Regional differences in LAI values on the Vvill1.0 reference assembly highlighted in a sliding window analysis. Each dot is colored by the originating scaffold of the Vvill1.0 assembly and represents the LAI value in a 3 Mbp window (step = 300 kbp) of the assembly. Vertical dashed lines represent the boundaries of the major scaffolds of the assembly. Any LAI value greater than 20.0 represents the “gold” standard for assembly quality of LTR repetitive elements.

Table 3.

Read mapping statistics of Vvill1.0 and V. sativa genome assemblies using V. villosa short-reads.

Assembly quality statistics Vvill1.0 V. sativa a
Reads mapped (%) 98.6 47.0
Genome coverage (%) 99.9 20.8
Base QV 45.0 14.7
k-mer completeness 81.6 5.6
k-mer error rate 8.1 × 10−6 0.1
k-mer based QV 50.9 11.7
SV-DEL 27,169 17,808
SV-DUP 5,659 8,827
SV-BND 101,348 233,506
LOW_COV_PE 91,325 409,606
LOW_NORM_COV_PE 67,103 391,665
HIGH_SPAN_PE 1,928 172,241
HIGH_COV_PE 19,400 120,215
HIGH_NORM_COV_PE 19,899 88,253
HIGH_OUTIE_PE 276 18,762
HIGH_SINGLE_PE 79 204,603
STRECH_PE 23,819 28,103
COMPR_PE 106,336 178,393

aComparisons are from V. villosa short-reads mapped to the V. sativa reference genome to demonstrate the utility of a separate reference genome for the former species. Variant calls by Freebayes [44] were used to calculate the Base QV for all bases with at least 3× coverage. K-mer completeness, k-mer error rate, and k-mer-based QV were calculated using merqury [46]. All structural variants (SV-DEL: deletions, SV-DUP: duplications, and SV-BND: trans-contig associations) were identified using LUMPY-SV [47]. Rows with a “PE” suffix indicate features identified by FRCbam [48], and the detailed definitions for each can be found in the original publication. Brief descriptions are as follows: LOW_COV_PE: regions of low read coverage; LOW_NORM_COV_PE: regions of low coverage of normal PE reads; HIGH_SPAN_PE: regions with high numbers of read pairs that map to different contigs/scaffolds; HIGH_COV_PE: regions of high read coverage; HIGH_NORM_COV_PE: regions of high coverage of normal PE reads; HIGH_OUTIE_PE: regions with high numbers of misoriented pairs; HIGH_SINGLE_PE: regions with high numbers of unmapped pairs; STRECH_PE: regions with high compression/expansion statistics; COMPR_PE: regions with low compression/expansion statistics.
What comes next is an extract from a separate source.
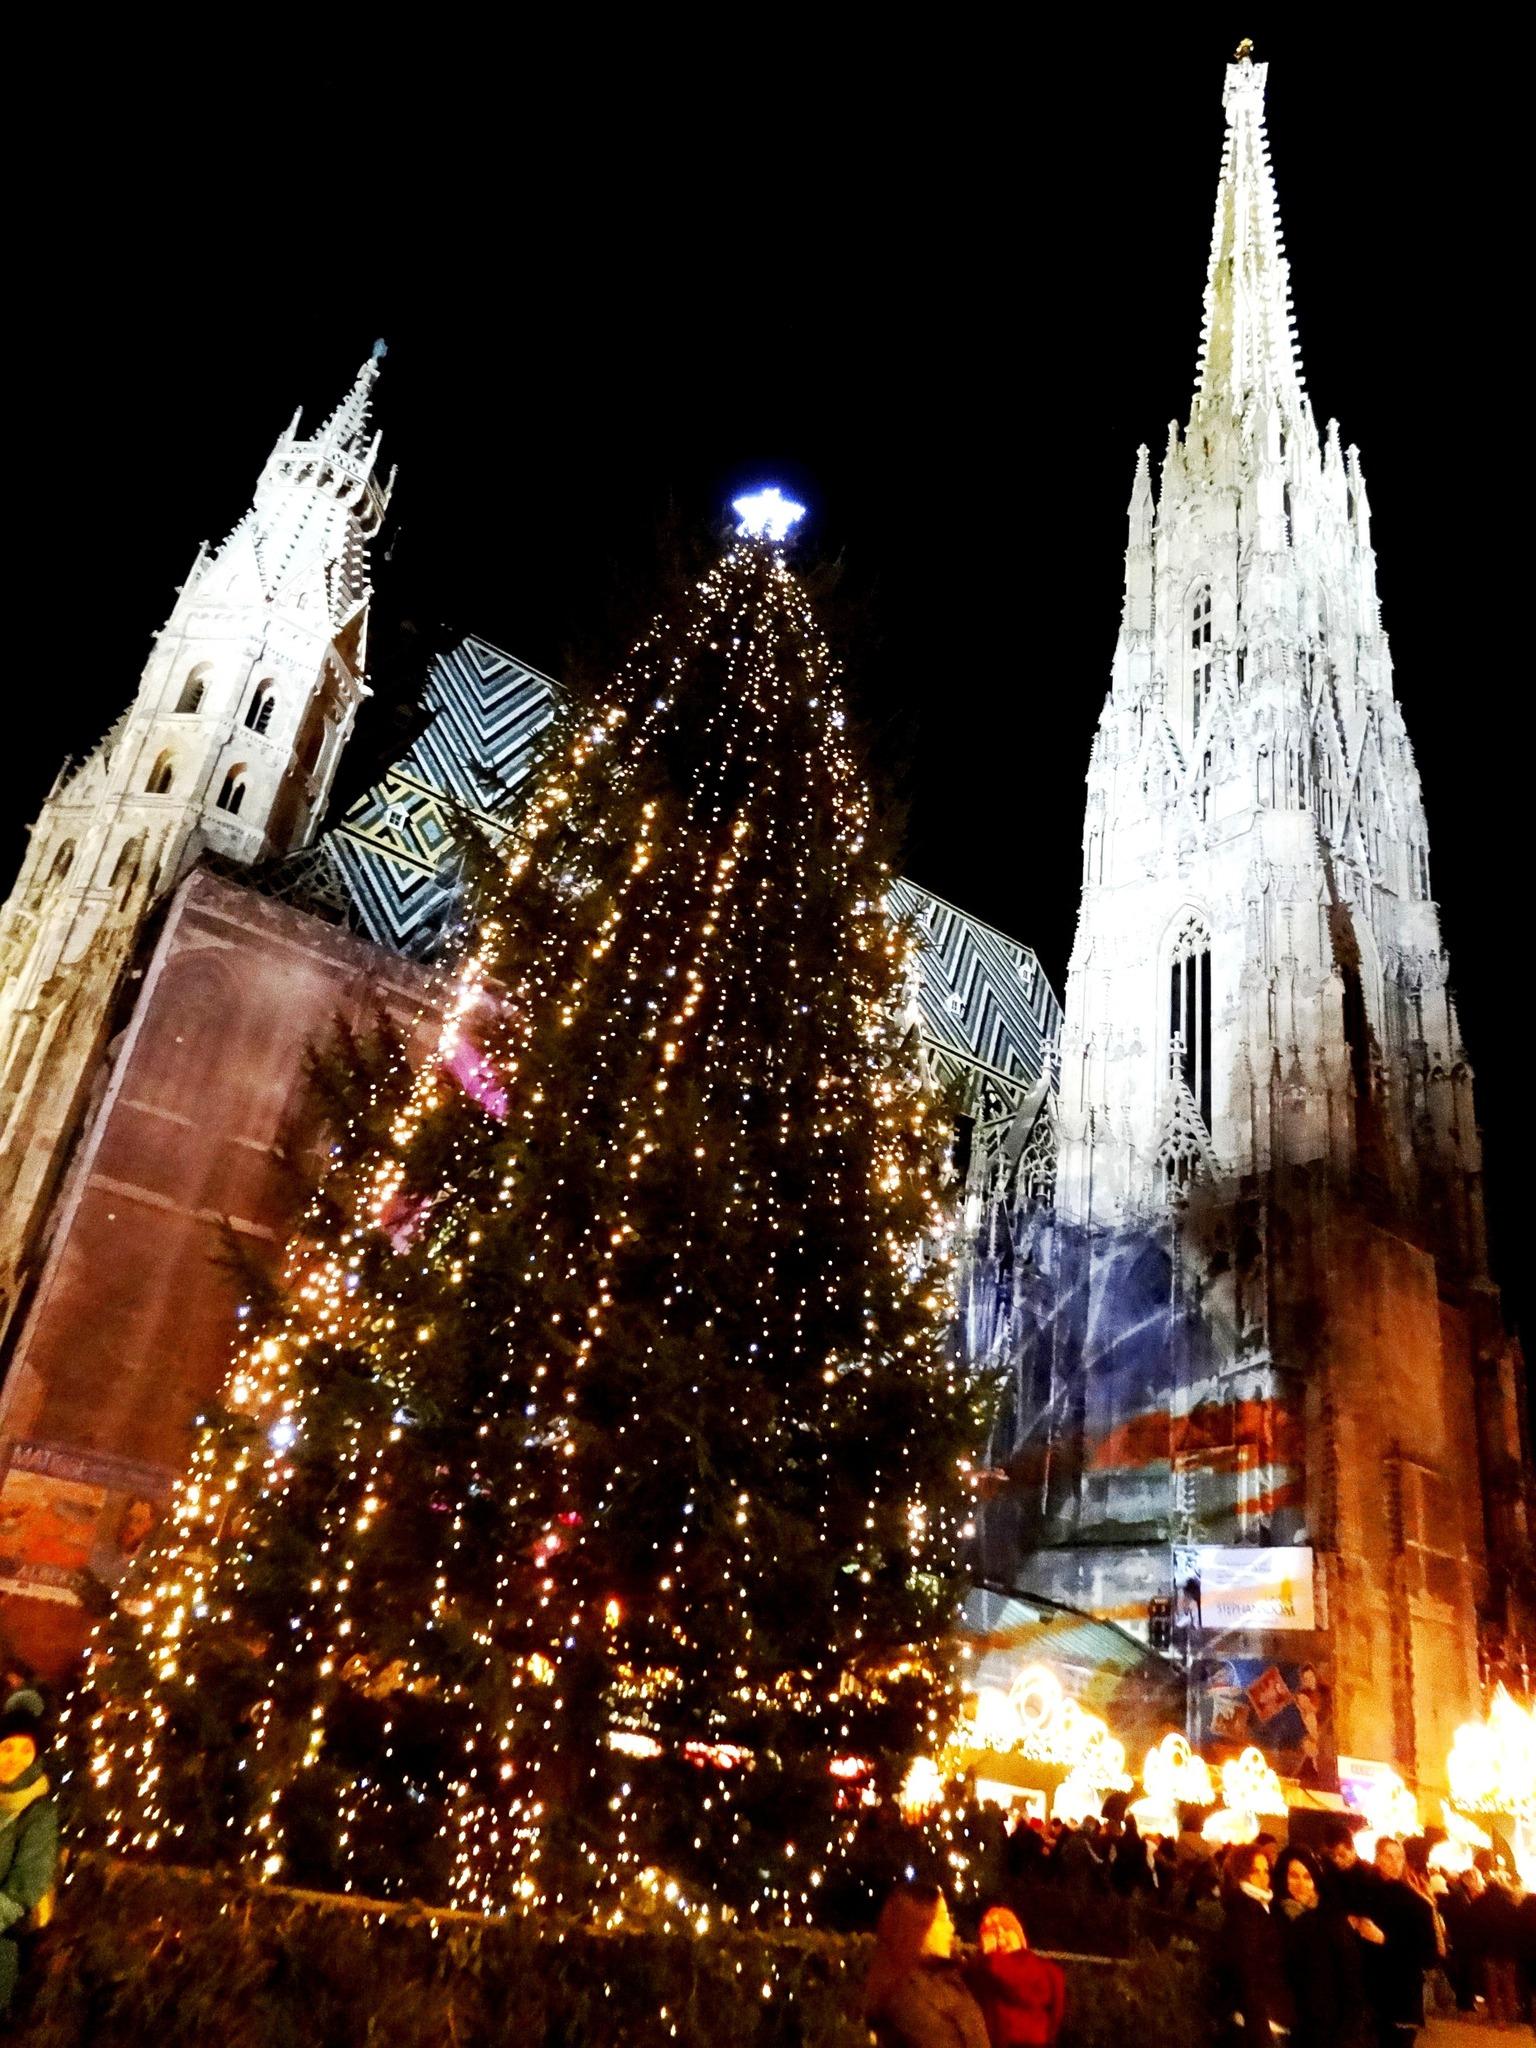 Weihnachtsgeschichte Die Vertauschten Geschenke
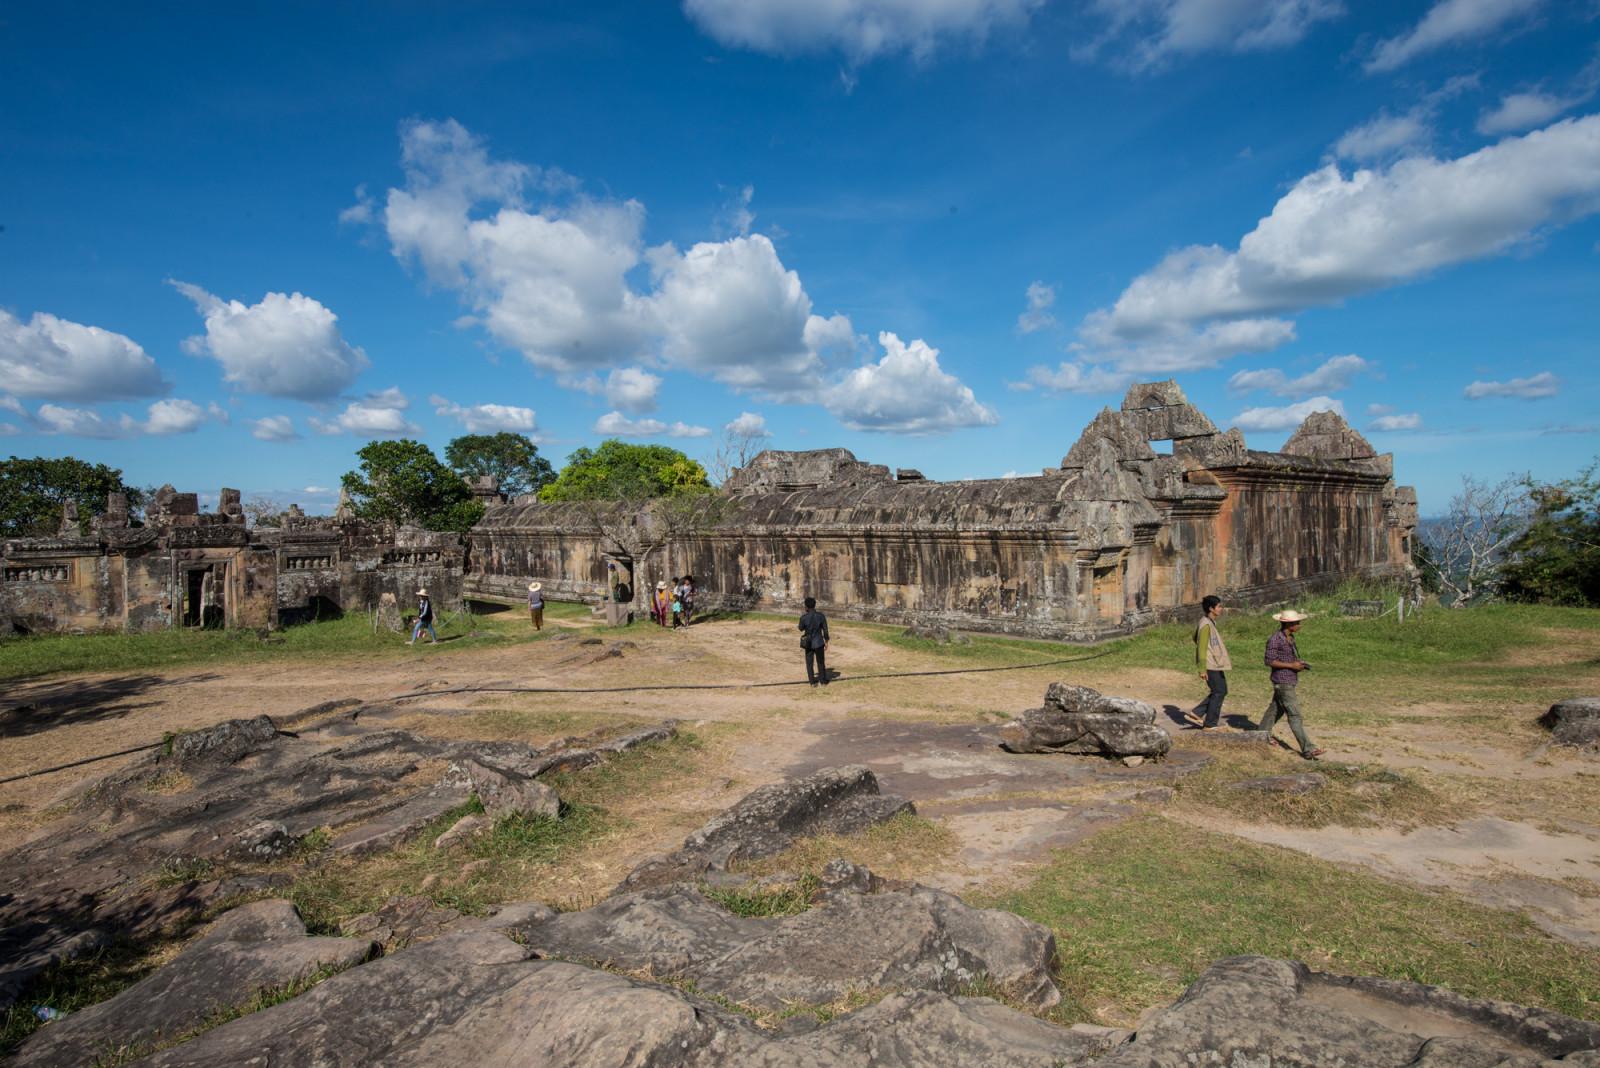 cambodia-photo-tours-preah-vihear-temple-1

The k-mer count plot [46] for our assembly shows a prominent peak at ∼35× coverage representing k-mers from heterozygous sequences, and a much smaller peak at ∼70× coverage representing k-mers from homozygous sequences (Figure 6). The approximately two-fold higher count of heterozygous compared to homozygous k-mers is in agreement with the high level of heterozygosity (3.1%) estimated by GenomeScope using the V. villosa short-reads as input (Figure 2). This elevated heterozygosity is likely a result of the cross-pollinating nature of V. Villosa compared with the selfing nature of V. sativa [39]. We note that the “read-only” k-mer peak, representing k-mers observed in the short-reads but not in the assembly, indicates that some unique heterozygous sequence is not completely represented in Vvill1.0. This is likely a result of the removal of duplicated sequences resulting from the PacBio IPA assembly and the purge_dups workflow we used to generate Vvill1.0. The k-mer histogram plots are highly sensitive to the absence of single nucleotide variants that were likely present in purged duplicated regions, so their absence is less likely to impact future DNA sequence alignment surveys. This notable absence of k-mer frequency does provide a cautionary tale, as the purging of additional duplicated sequences would only exacerbate issues with genome representation, as mentioned above.

Figure 6.

Figure 6.

K-mer assembly spectra plot generated by merqury [46] showing the distribution of k-mers (k = 21) found in the Illumina short-read set (black, read-only) and k-mers found in our Vvill1.0 assembly (red, Vvill1.0). The red bar at zero multiplicity indicates k-mers found only in the assembly. The read-only peak at ∼35× likely represents heterozygous variants missing from the assembly.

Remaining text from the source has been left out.